Julian M. Ortiz (julian.ortiz@queensu.ca) – Associate Professor, Robert M. Buchan Department of Mining, Queen’s University

Yesenia Marulanda (lymarulanda@gmail.com) – M.Sc. in Mining Engineering, Advanced Mining Technology Center, Department of Mining Engineering, Universidad de Chile

Abstract

Geological logging of drillholes usually comprises labeling mineralization zone, alteration type and lithology. Rock texture may be an important feature to complement this information, since texture is often related to the formation stage of the rock and is linked to the rock performance when subject to mining and metallurgical processes. Textures could be used in defining the geometallurgical domains.

We present progress towards semi-automatic texture characterization developed with different image and signal analysis techniques. A pilot test done over high resolution photographic records of drill cores from a porphyry copper deposit, shows that a high rate of correct classification of the textures can be achieved with automated techniques. Training of the algorithms requires a supervised labelling of some reference textures in a number of samples.
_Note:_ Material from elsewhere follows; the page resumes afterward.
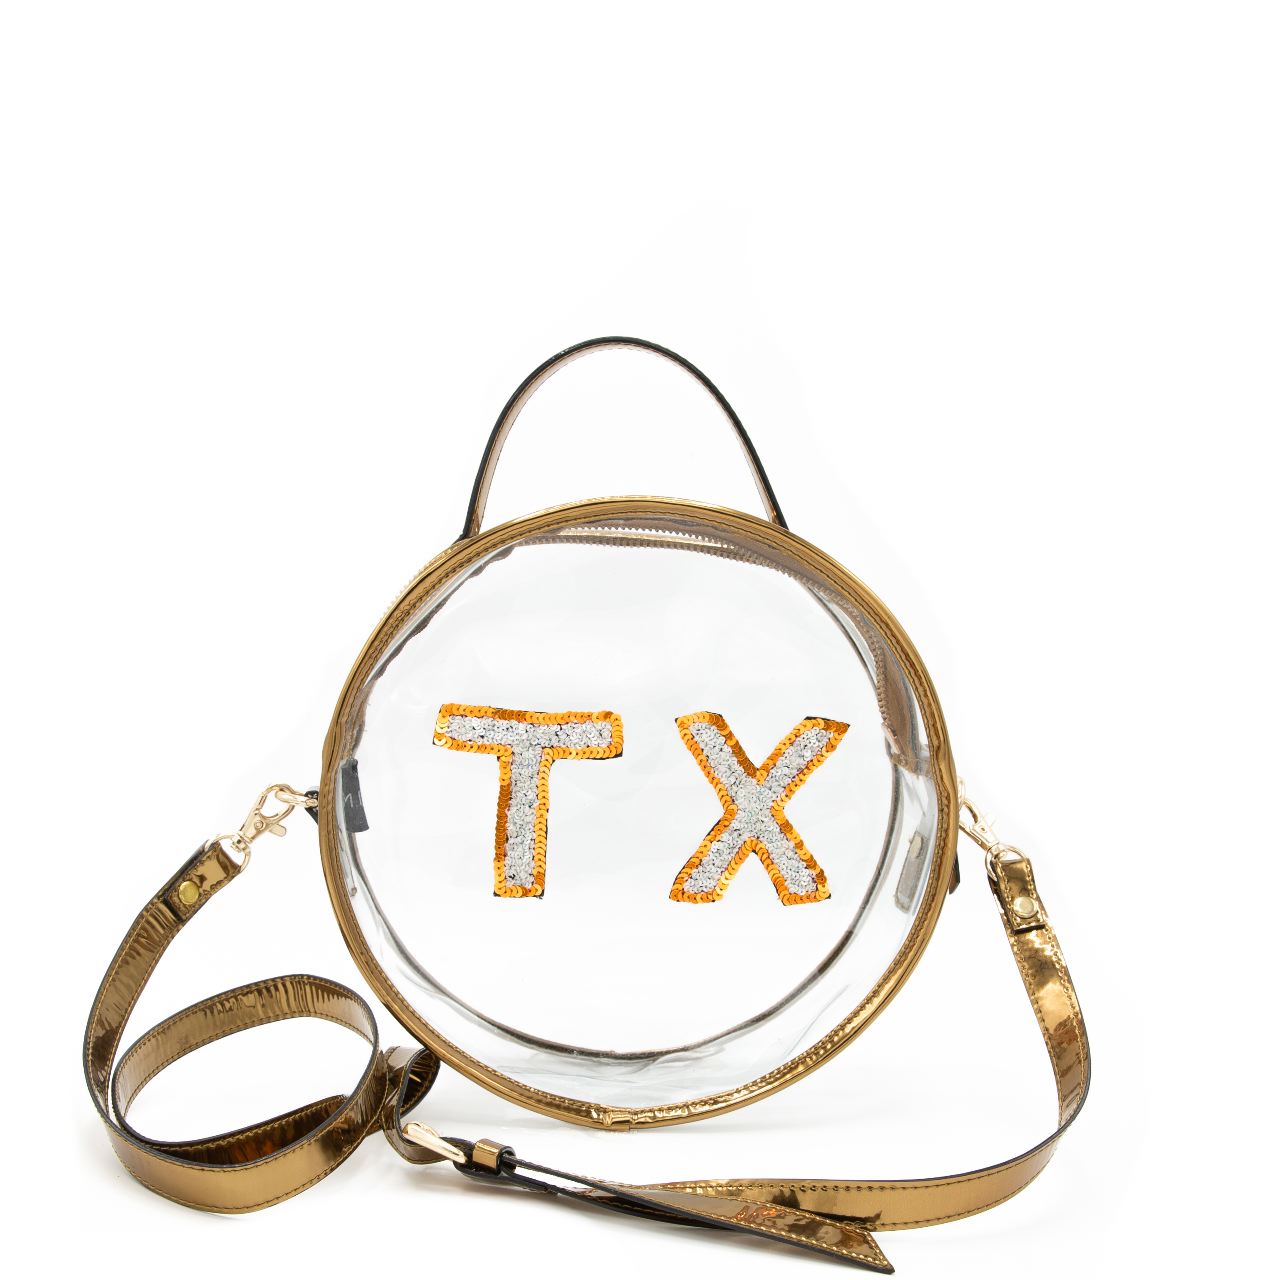 Texas Round Game Day Bag by Simitri

The pilot testing proceeded as follows: classification algorithms were developed using a reference library of textures (rock images and labels) of limited size (16 images for 6 classes, for a total of 96 images). The classification approach was then applied to a set of almost 14,000 unlabeled photographs accounting for 150 m of drill hole. The classification was compared with new labels done by geologists for 328 photographs. Some pre-processing techniques over the images were suggested and applied, and classification was repeated, increasing the performance.

Final results indicate that classification match over 70% of the logged textures by the geologists. This indicate that the drillhole information could be populated with texture classes from the photographs at a relatively low cost, adding a layer of information to the definition of geometallurgical units.